# So TPB is down and new address is Proxybay?



## ithehappy (Jan 19, 2014)

Right? I can't open TPB from Chrome, only Tor works. From Chrome proxybay works, what about you guys??


----------



## snap (Jan 19, 2014)

hmm don't know if it is mass blocking of torrent sites in India or something else. Can you access other torrent sites? your isp?


----------



## ithehappy (Jan 19, 2014)

Hmm, I think it's a blockage from my ****ing ISP, BSNL. No Torrent site is opening, just tried torrentz.eu, damn! Is there any tor button for Chrome which works? Tor browser doesn't integrate with U Torrent unfortunately!


----------



## SaiyanGoku (Jan 19, 2014)

Its working fine in Tata Photon +. its definitely a ISP block. Call the BSNL CC and threaten them to unblock TPB else you'll get other ISP.


----------



## ithehappy (Jan 19, 2014)

Ha ha, lol, will do that. Anyway just installed Proxy Swicthy and it works as usual. Why these dumb ISPs do even try these things while ultimately they fail as anyone will find one way or another God knows!!


----------



## srkmish (Jan 19, 2014)

damn bsnl. had to recreate all my torrent bookmarks using proxybay


----------



## whitestar_999 (Jan 19, 2014)

simply use torrentz.in or https instead of http for torrentz.eu.in fact https method works for all supported sites unless the site is not completely using https for all requests(reason why some filesharing sites still won't work even with https).

@Luffy,can you open uploaded.net & depositfiles.com(both http & https versions)?

@srkmish,just replace http with https & all piratebay links will work or you can use this browser addon:
*www.eff.org/https-everywhere


----------



## harshilsharma63 (Jan 19, 2014)

thepiratebay.se opening perfectly in FreFox on Vodafone 2G network.


----------



## Nerevarine (Jan 19, 2014)

use *, itll open


----------



## SaiyanGoku (Jan 19, 2014)

whitestar_999 said:


> @Luffy,can you open uploaded.net & depositfiles.com(both http & https versions)?

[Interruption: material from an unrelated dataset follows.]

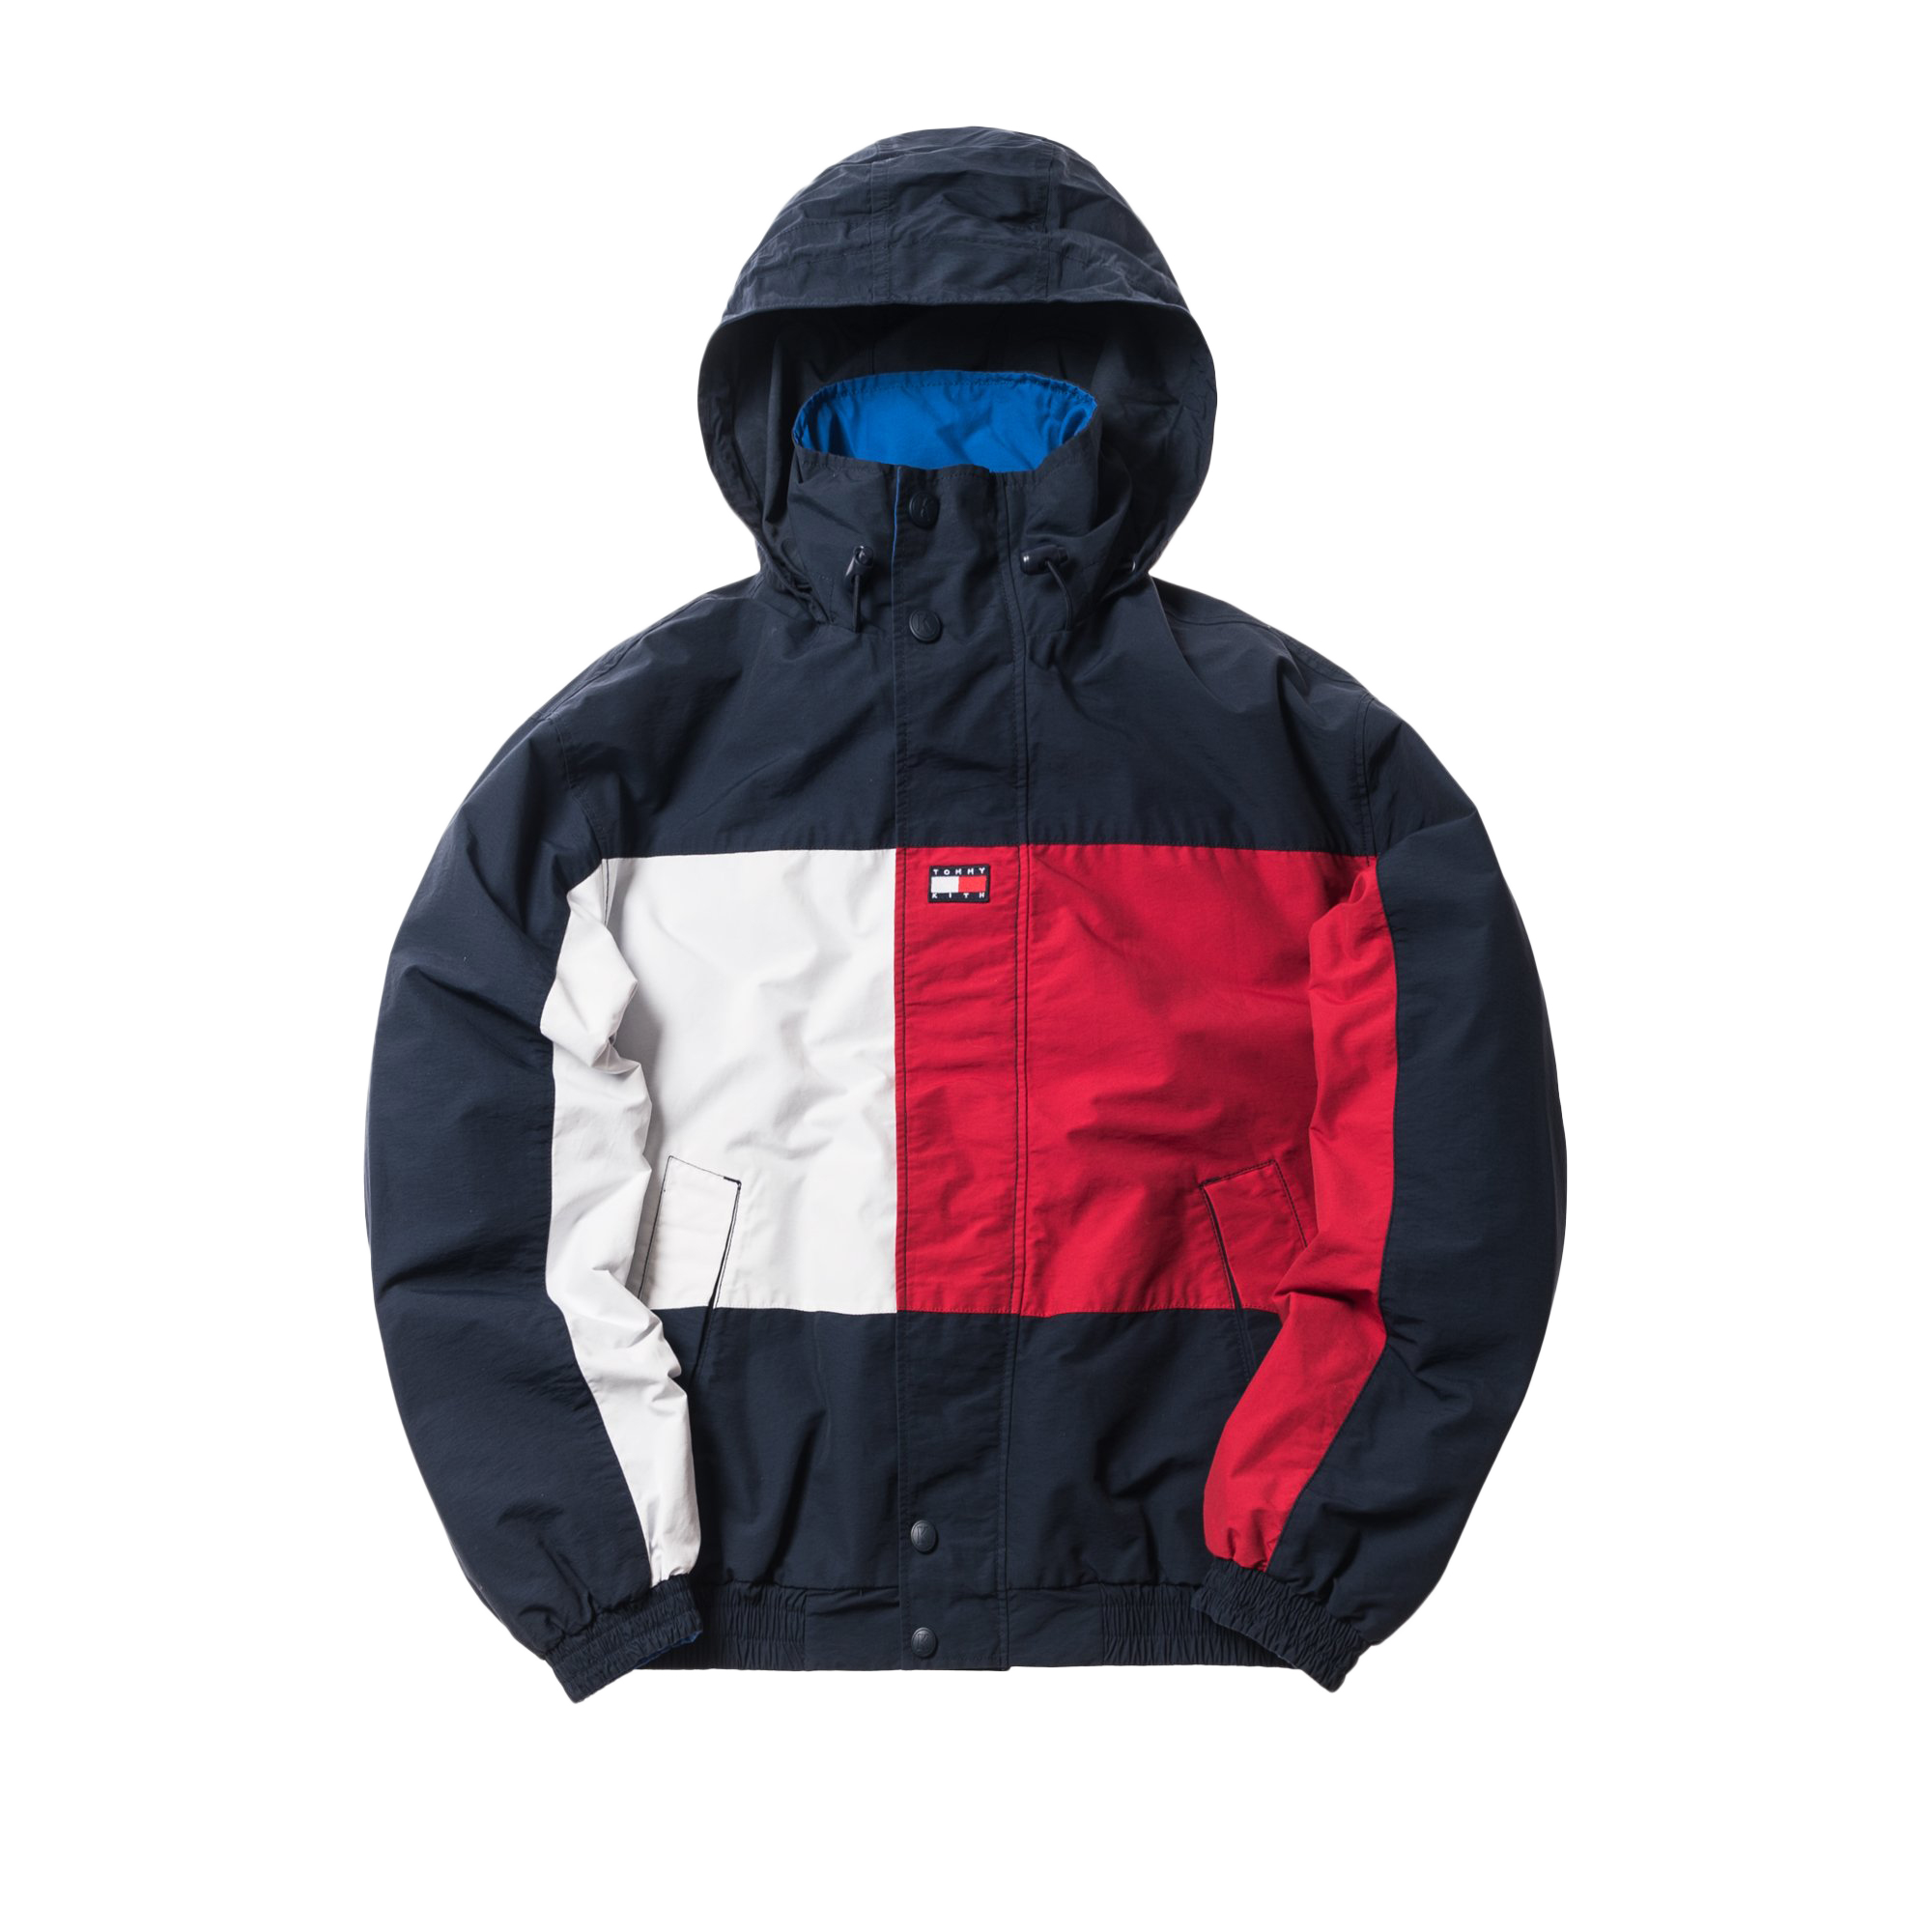 Kith x Tommy Hilfiger Reversible

*uploaded.net* working on both http and https
*depositfiles.com* not working on https.


----------



## ithehappy (Jan 19, 2014)

@whitestar_999: Thanks. Is torrentz.in any better than TPB? Actually I never used anything other than TPB. I tried an https add on for Chrome, it worked, but those encrypted script slowed down the speed as hell. Also there was no button to switch it on or off with one click.
Btw, those two sites aren't opening normally on my side, Uploaded and Depositfiles, I think BSNL is pretty proud now, they finally blocked sites which others have done before, some of them I mean.
PS: Uploaded works with https (not with http), and Depositfiles doesn't work with either.


----------



## harshilsharma63 (Jan 19, 2014)

torrentz.in is just a torrent search engine. It returns results for various trackers.


----------



## baiju (Jan 19, 2014)

You can use opera turbo to open tpb.se in bsnl.


----------



## arijitsinha (Jan 19, 2014)

harshilsharma63 said:


> thepiratebay.se opening perfectly in FreFox on Vodafone 2G network.



Opening in Aitel BB also


----------



## ithehappy (Jan 20, 2014)

@whitestar_999: Hey mate could you download anything via Uploaded.net? I can't download anything, it's saying 'free limit has been reached' for last 3-4 days! Same for you?


----------



## whitestar_999 (Jan 20, 2014)

i can download as usual using https version of uploaded.net links but to see google captcha(text to enter) i have to allow yes to show all content option in IE when it prompts that only secure content is visible.


----------



## Desmond (Jan 20, 2014)

Has anybody tried using the PirateBrowser?


----------



## ASHISH65 (Jan 20, 2014)

proxybay is working here,no piratebay - Mtnl Broadband


----------



## flyingcow (Jan 20, 2014)

for tpb .se doing the https method works, but .se and .sx wont open, i use bayproxy..... BsNl


----------



## sujeet2555 (Jan 21, 2014)

i am on BSNL and have no problem.whether it is https or not .the URL "thepiratebay.se" open fine.


----------



## ASHISH65 (Jan 21, 2014)

now i able to open piratebay.se*


----------



## vidhubhushan (Jan 22, 2014)

checked just now and working on airtel broadband


----------



## nisharhmd7 (Jan 30, 2014)

* Please use *proxybay.info/ to get more and more Proxy list of tpb*


----------